Single by Gavin DeGraw

from the album Sweeter
- Released: September 6, 2011 (promotional single) September 20, 2012 (official single)
- Recorded: 2011
- Genre: Pop rock; blue-eyed soul;
- Length: 3:31
- Label: RCA
- Songwriter: Gavin DeGraw
- Producer: Butch Walker

Gavin DeGraw singles chronology
| "Sweeter" (2012) | "Soldier" (2011) | "Best I Ever Had" (2013) |

= Soldier (Gavin DeGraw song) =

"Soldier" is a song by American recording artist Gavin DeGraw, taken from his fourth studio album, Sweeter. It was released into the iTunes Store on September 6, 2011, as a promotional single. It was released as the third and final single from the album in the United States, on September 24, 2012. The song was written by DeGraw and produced by Butch Walker.

The song finds DeGraw promising his girl everlasting love, and when she needs someone he'll always be there fighting for her. The song has charted inside the top-forty on the Dutch chart and has also charted on the UK Singles Chart and the Adult Pop Songs chart. DeGraw appeared on the last episode of One Tree Hill and performed the track.

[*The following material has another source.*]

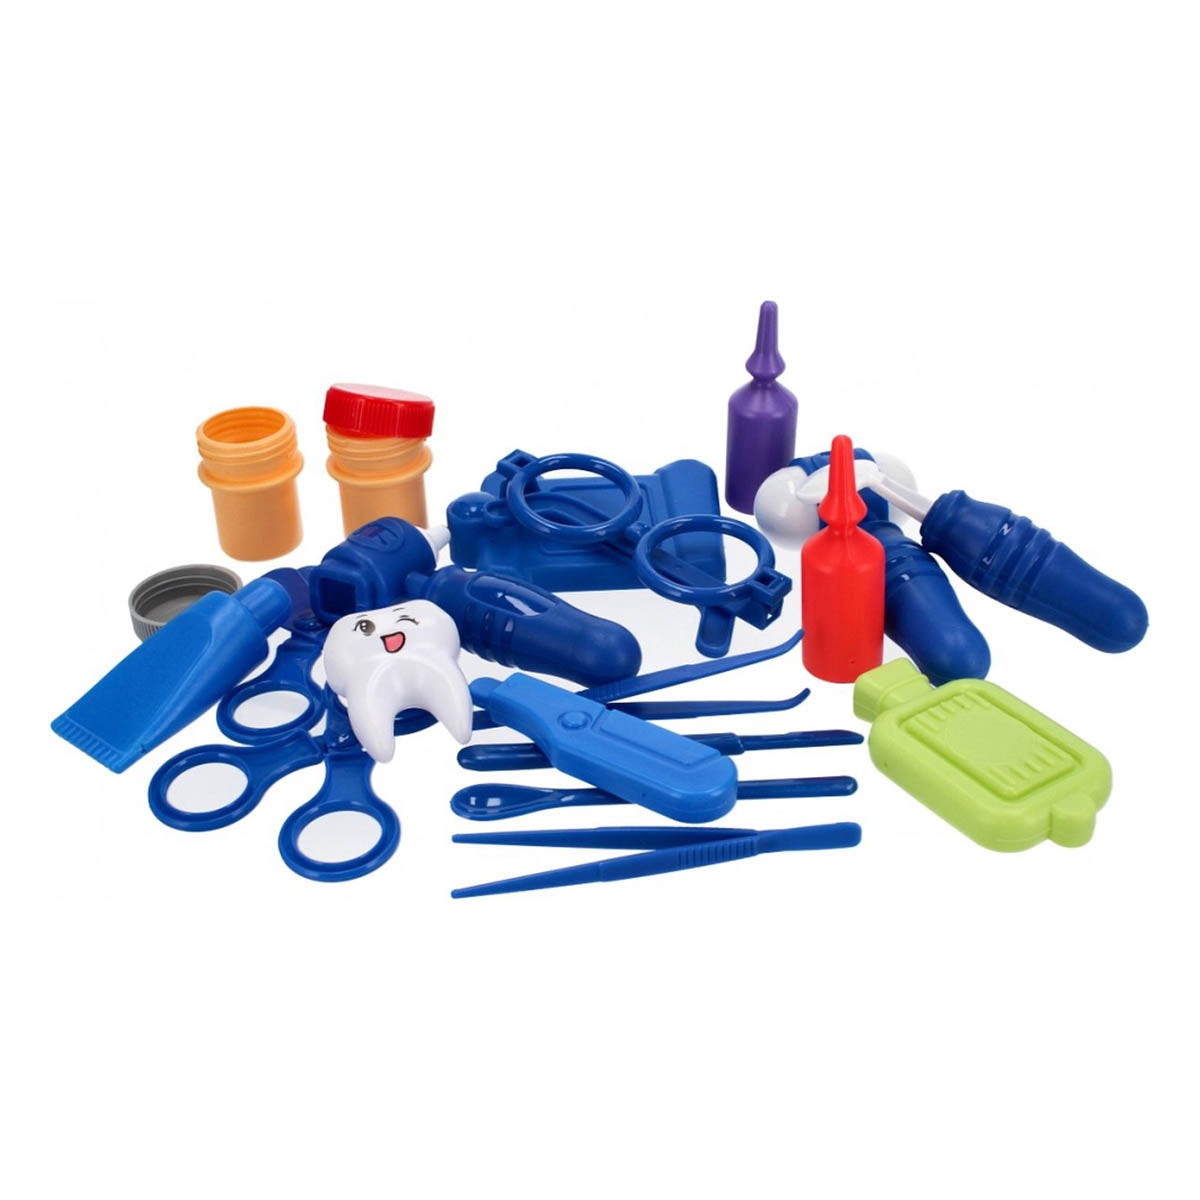 <tc>Ariko</tc>  Toy Suitcase Doctor 39 Teile - Blutdruckmessgerät, Schere, Medikamente, Untersuchungsutensilien und vieles mehr - praktischer Koffer zum Mitnehmen
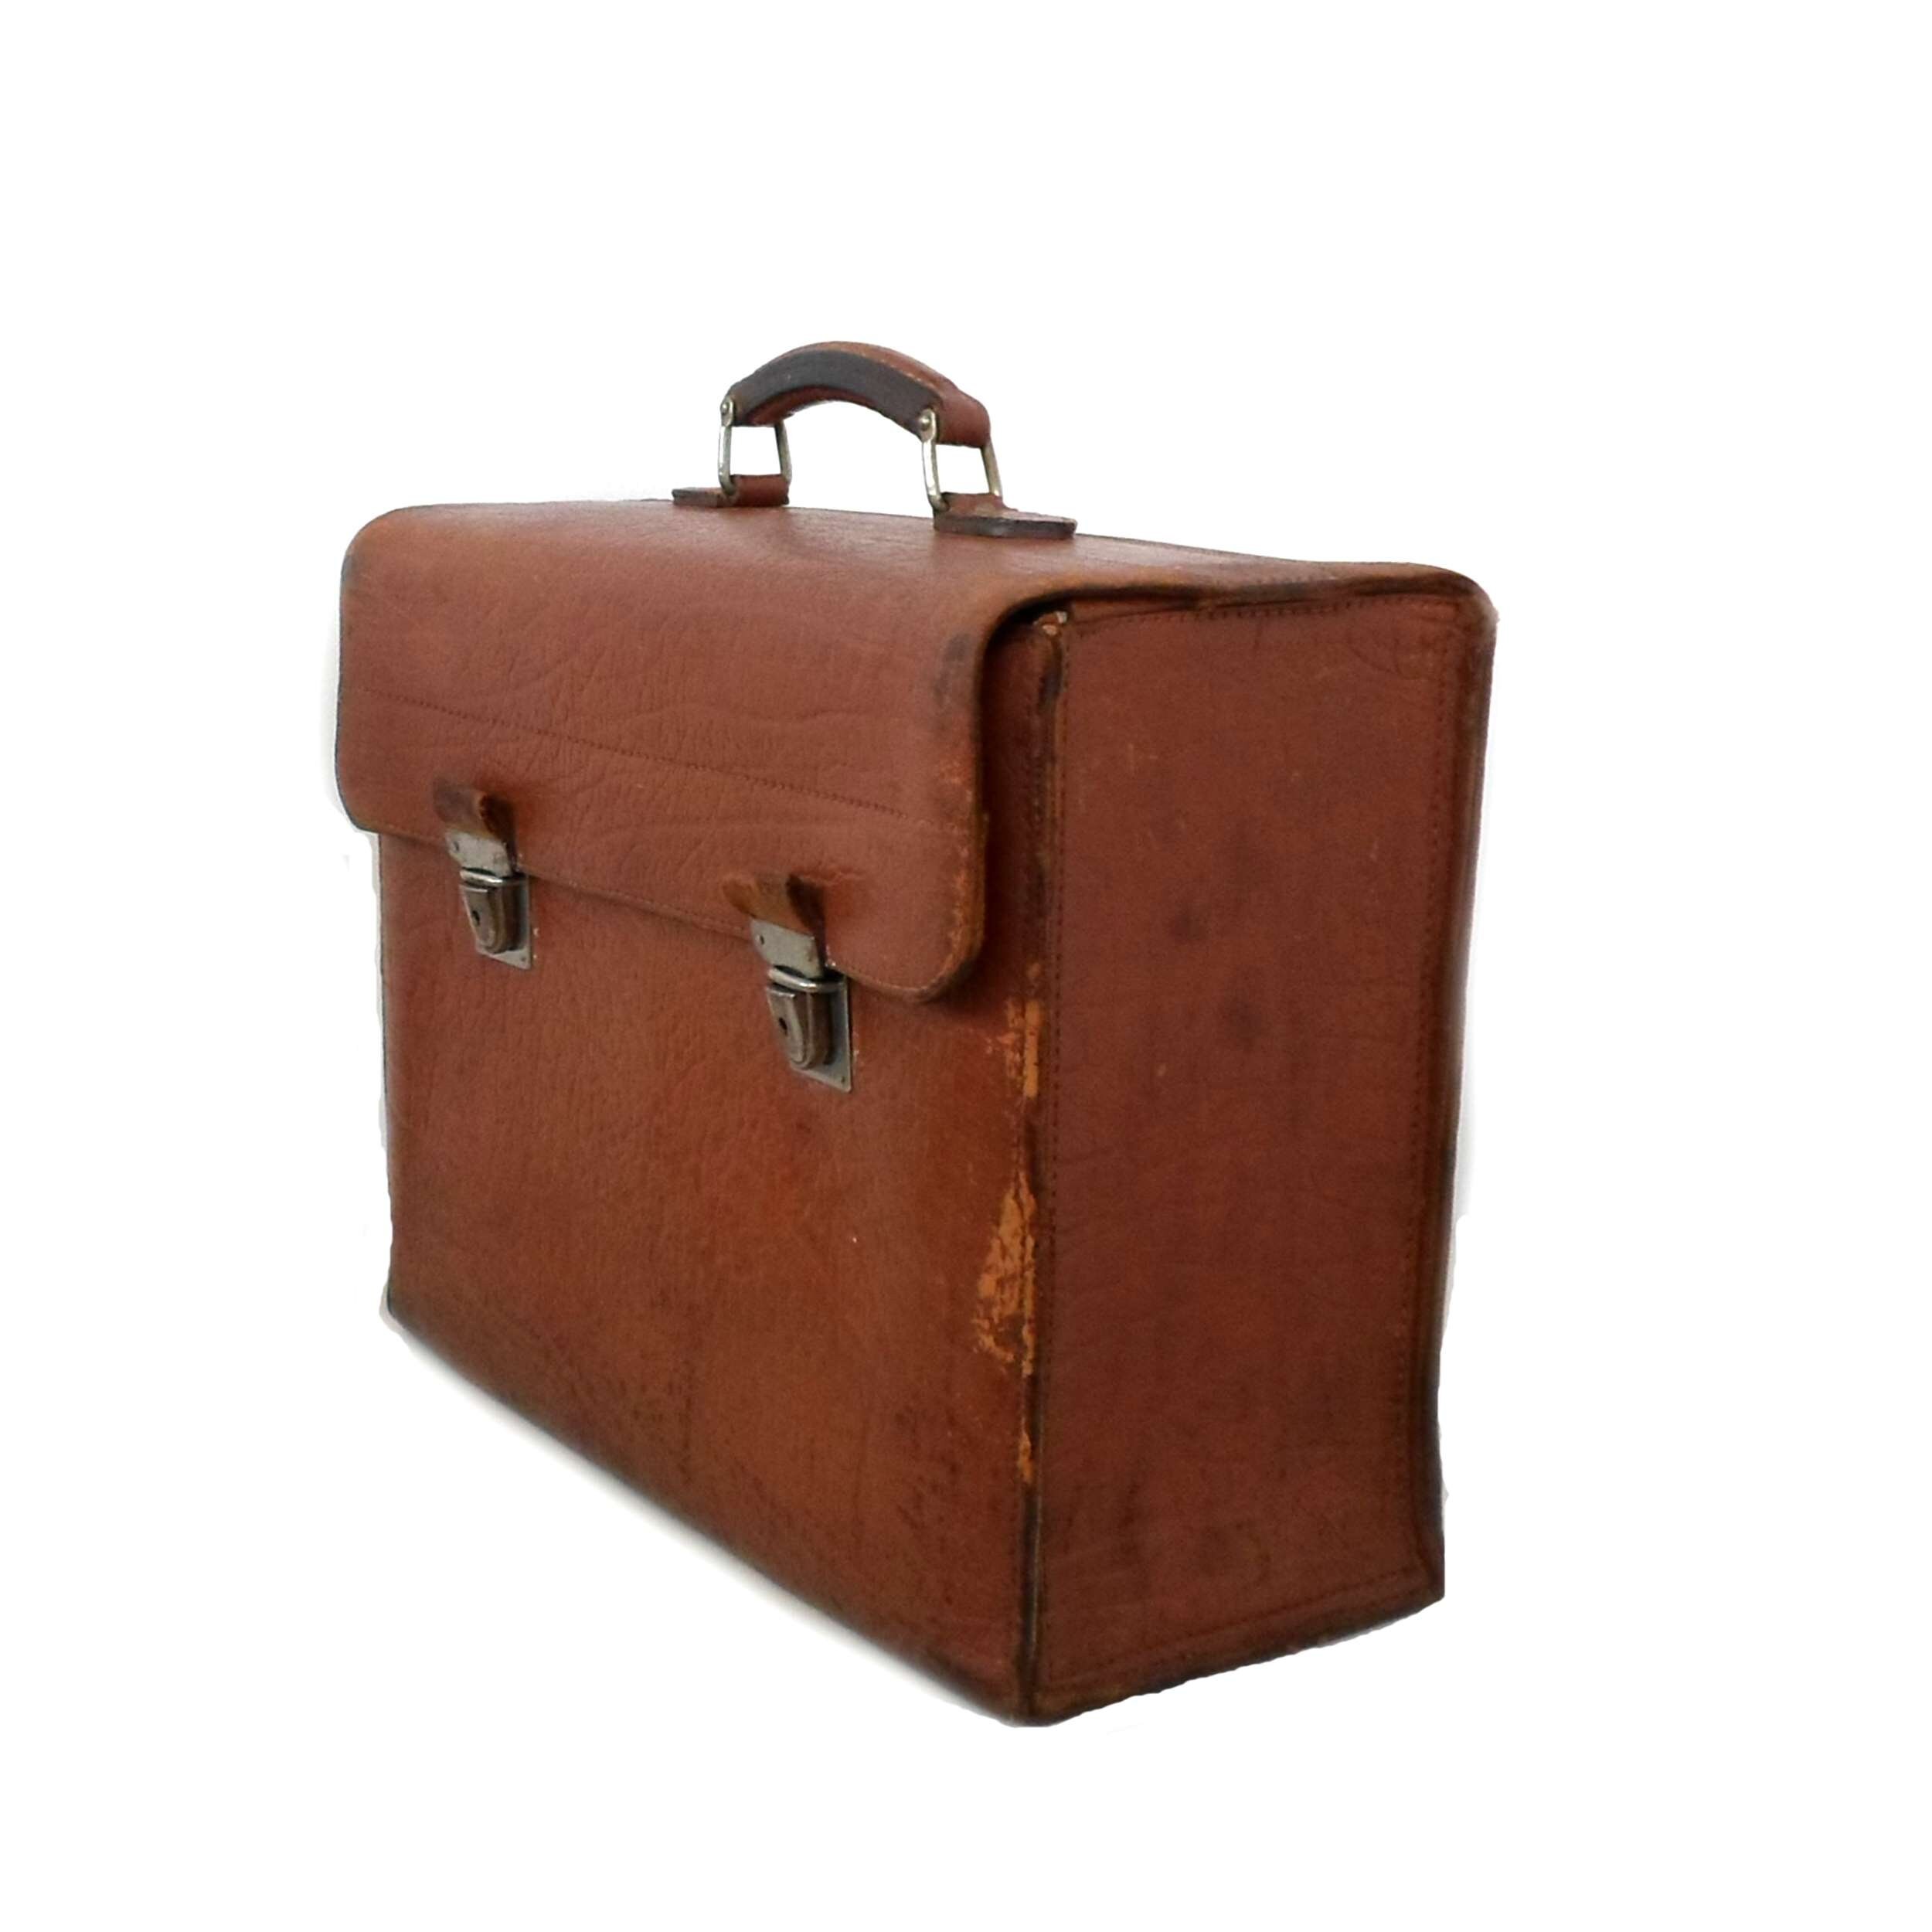 Antique leather pilot case leather case teacher's school | Etsy

==Background and composition==
"Soldier" was written by DeGraw and produced by Butch Walker, being one of the three songs produced by him on the album. DeGraw said of Walker's contribution to the album in an interview with Billboard magazine:

"He was able to listen to the songs and come in with the right arrangements, bring in the right players for the songs and the right gear for the performances. You don't always have a magic moment in the studio," he continued, "but you want those moments to happen. I remember when we were tracking 'Soldier,' in the second verse I was digging in hard, the groove was so good and everyone was jelling. I heard Butch go, 'Woo!'-a primal scream that said, 'This feels so good.' You can't fake that. We kept it because you can't re-create the performance that makes you do that."

On the ode to devotion, he sings, "You’re thirsty / I’ll be your rain / You get hurt / I’ll take your pain." According to Boston Globe's Ken Capobianco, "there are other lines like that, all of which should pop up on Facebook walls shortly."

The song was first released as a promotional single in Canada, on September 6, 2011. Later, it was announced that it would be sent to Hot Adult Contemporary radio as the third single of the album in the United States, on September 24, 2012.

==Critical reception==
Entertainment Weekly's Melissa Maerz called it a "love-as-a-battlefield anthem." Andy Baber from musicOMH wrote a positive review for the song, saying that the song is "a soulful, rousing number that really shows off the dexterity of DeGraw’s vocals, simply relying on a clapping beat and the ever present piano. It is by no means a drastic departure, but it is evidence of DeGraw approaching his sound with more thought than ever before." Amy Sciarretto of Artist Direct thought that "the racier moments are balanced out by more emotionally transparent songs like the uplifting "Soldier", which convey vulnerability while still managing to feel distinctly masculine. Rolling Stone's Jody Rose pointed out that DeGraw is "an excellent singer, with a hint of grit in his tenor that tips power ballads like "Soldier" toward soul music."

A review from Reuters wrote that the song "sounds just a little too tailor-made to serenade tuxes and gowns with its promises of eternal protection."

==Chart performance==
In Netherlands, the song debuted at number seventy-one on the Dutch Top 40 chart, on the week of January 28, 2012. Later, it reached number forty-five on February 4, 2012. On the third week, it climbed to number thirty-three. After three weeks fluctuating on the charts, the song climbed to number thirty-five. After another few weeks fluctuating on the chart, the song jumped to number 34, on April 14, 2012. In its 13th week, the song peaked at number 30, on April 21, 2012. The song debuted at number 59 on the UK Singles Chart on the issue date June 2, 2012.

Due to the performance on the final episode of One Tree Hill, the song entered on the iTunes Top 100 Chart, peaking at number 75. "Soldier" debuted at number 38 on the Billboard's Adult Pop Songs chart, on the week of October 25, 2012.

==Promotion==
DeGraw appeared on the series final episode of One Tree Hill and performed the track and the series' theme song, "I Don't Want to Be". DeGraw also performed the track on the MDA Show of Strength benefit concert, aired on September 2, 2012.

==Charts==

===Weekly charts===

| Chart (2011–12) | Peak position |
|---|---|
| Netherlands (Dutch Top 40) | 13 |
| Netherlands (Single Top 100) | 30 |
| UK Singles (OCC) | 59 |
| US Adult Pop Airplay (Billboard) | 26 |

=== Year-end charts ===

| Chart (2012) | Position |
|---|---|
| Netherlands (Dutch Top 40) | 53 |
| Netherlands (Download Top 100) | 98 |

==Certifications==

| Region | Certification | Certified units/sales |
| United States (RIAA) | Gold | 500,000^{‡} |
^{‡} Sales+streaming figures based on certification alone.